I notice that you're not initializing the strings before the loop.

$qualityvalues = ''; // Initialize the stringforeach ($quality as $one){   $qualityvalues .= $one . ' ';} $portionvalues = ''; // Initialize the stringforeach ($portion as $two){   $portionvalues .= $two . ' ';}

I have initialize the value on top

[dsonesuk]

IF you have this on the same page, you have check form has been submitted by checking the submit name value, or individual input name value, or it will try to loop through (foreach) the post array values of the the checkbox values that are empty similar to

if(isset($_POST["go"])) // name of submit buuton value    {    $name = $_POST["name"];    $email = $_POST["email"];    $phone = $_POST["phone"];     $quality = $_POST["quality"];    $portion = $_POST["portion"];    $first="";    $two="";    if(isset($_POST["quality"]))        {        foreach ($quality as $one){            $first.= $one." ";            }        }    if(isset($_POST["quality"]))        {        foreach ($portion as $second){            $two.= $second." ";            }        } $sql = "INSERT INTO $db_table (name,email,phone,Food1,Food2) VALUES ('$name','$email','$phone','$first','$two')";$result = mysql_query($sql);if($result){$redirct = "Location:thanku.html";header($redirct);}else{echo "Error in sending data";}mysql_close();    }  

[nitesh]

Thank you every one problem is solved.

[artistandlive]

Thank you every one problem is solved.

And the solution is ...?

[artistandlive]

It doesn't make sense in computer logic. Any other language wouldn't compile or would append a random value to the string if you tried that. PHP outputs a notice or a warning (usually PHP is set not to display notice and warning-level errors), but it will continue to function normally assuming an empty string.

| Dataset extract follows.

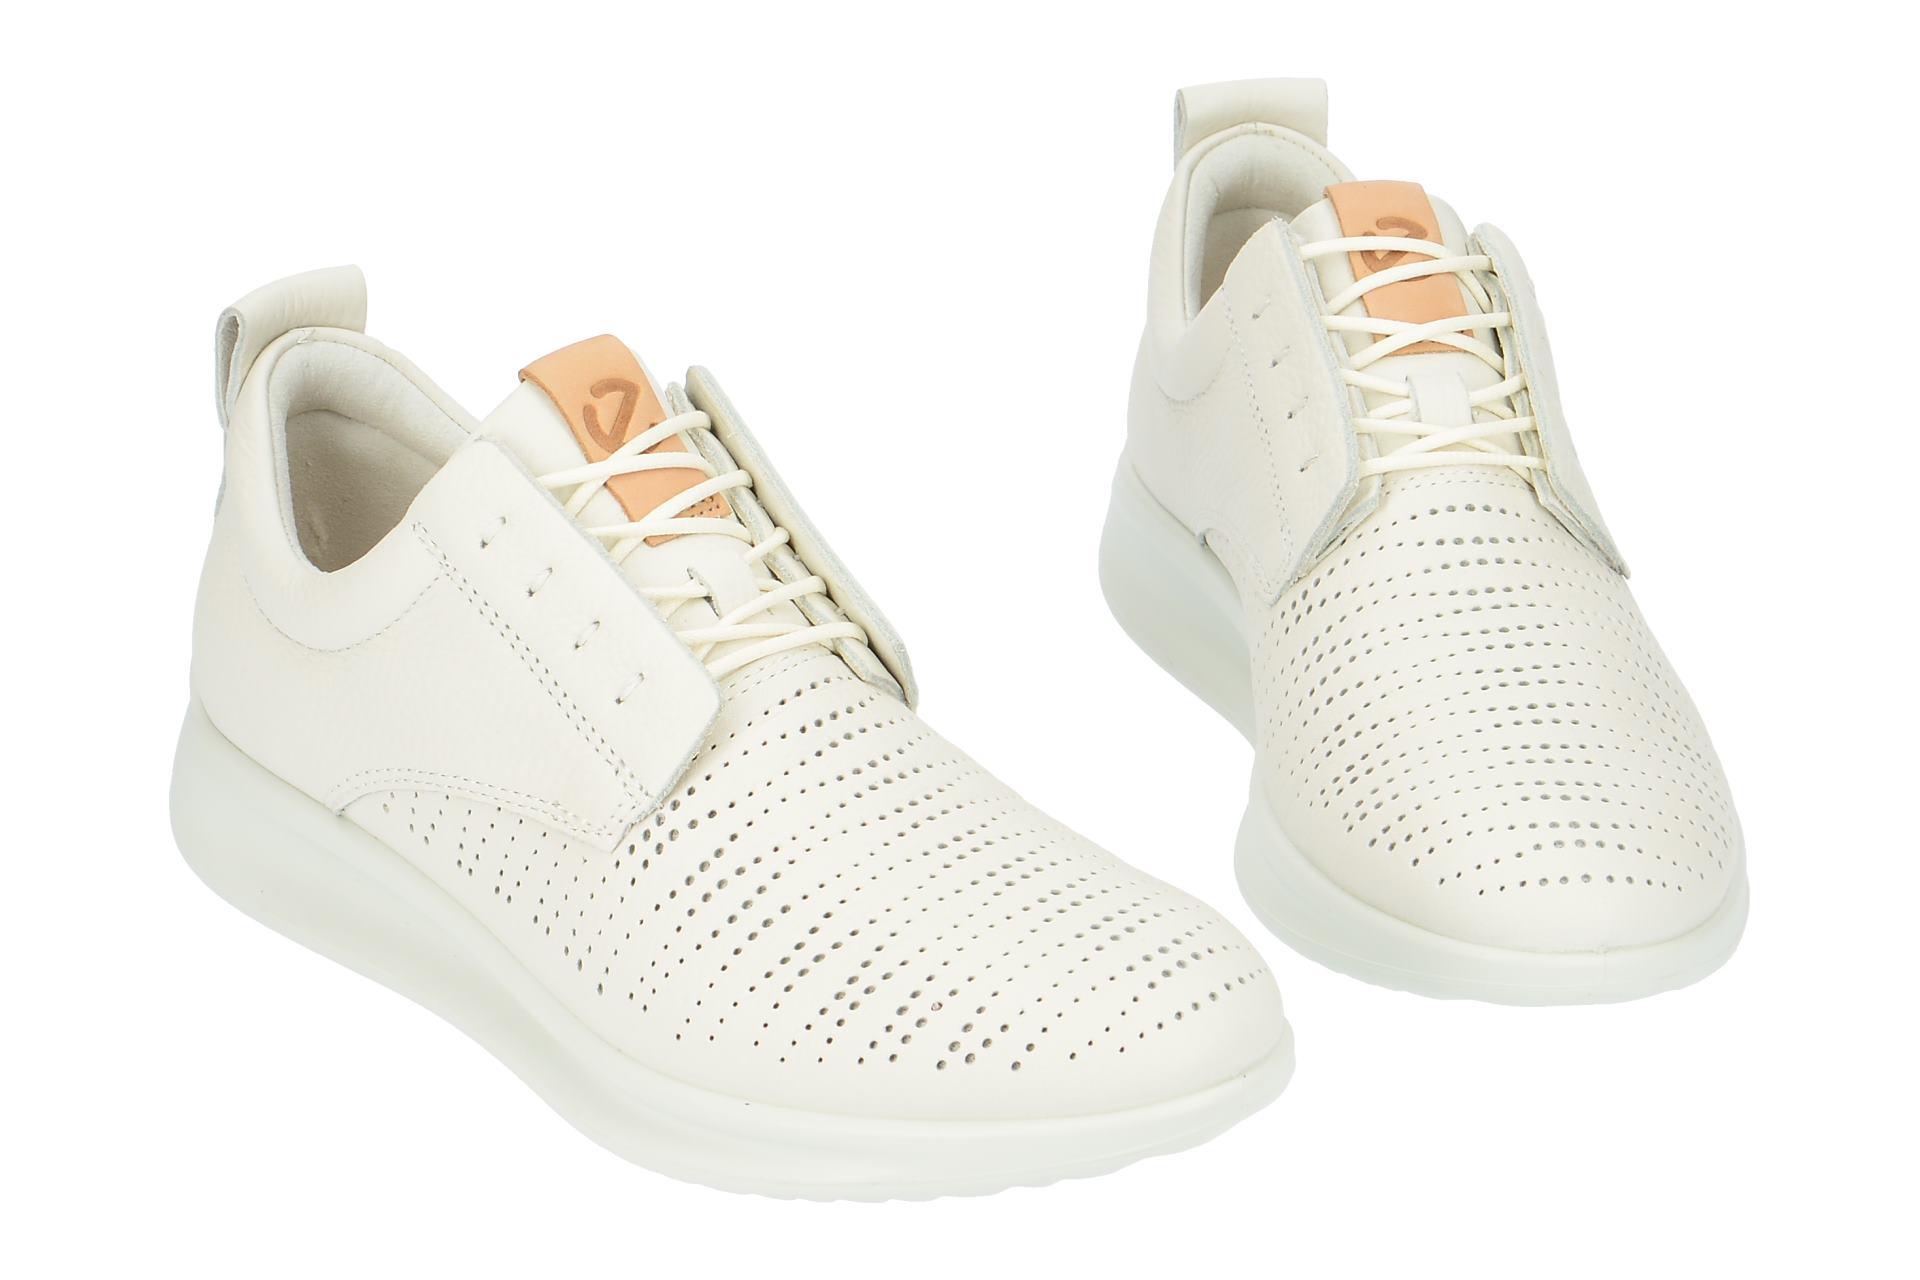 49256ab902b3bc Ecco Schuhe AQUET weiß Damenschuhe sportliche Schnür-Halbschuhe 20700301007  NEU

You are totally right.PHP is just a simple script language. Almost nothing matters here

[justsomeguy]

You should always be developing with all error messages being shown. Things like undefined variables are in fact an error and should be fixed, your code shouldn't be considered finished until it runs with no errors and no notices. You can enable all errors at runtime like this: ini_set('display_errors', 1);error_reporting(E_ALL); On production servers it's common to send errors to a log instead of displaying them on the page, or turning them off altogether. You should not have error messages disabled while you're developing though, and you should never use the error suppression operator (@).

[niche]

Sage advice Ingolme & JSG . Thanks for the reminder.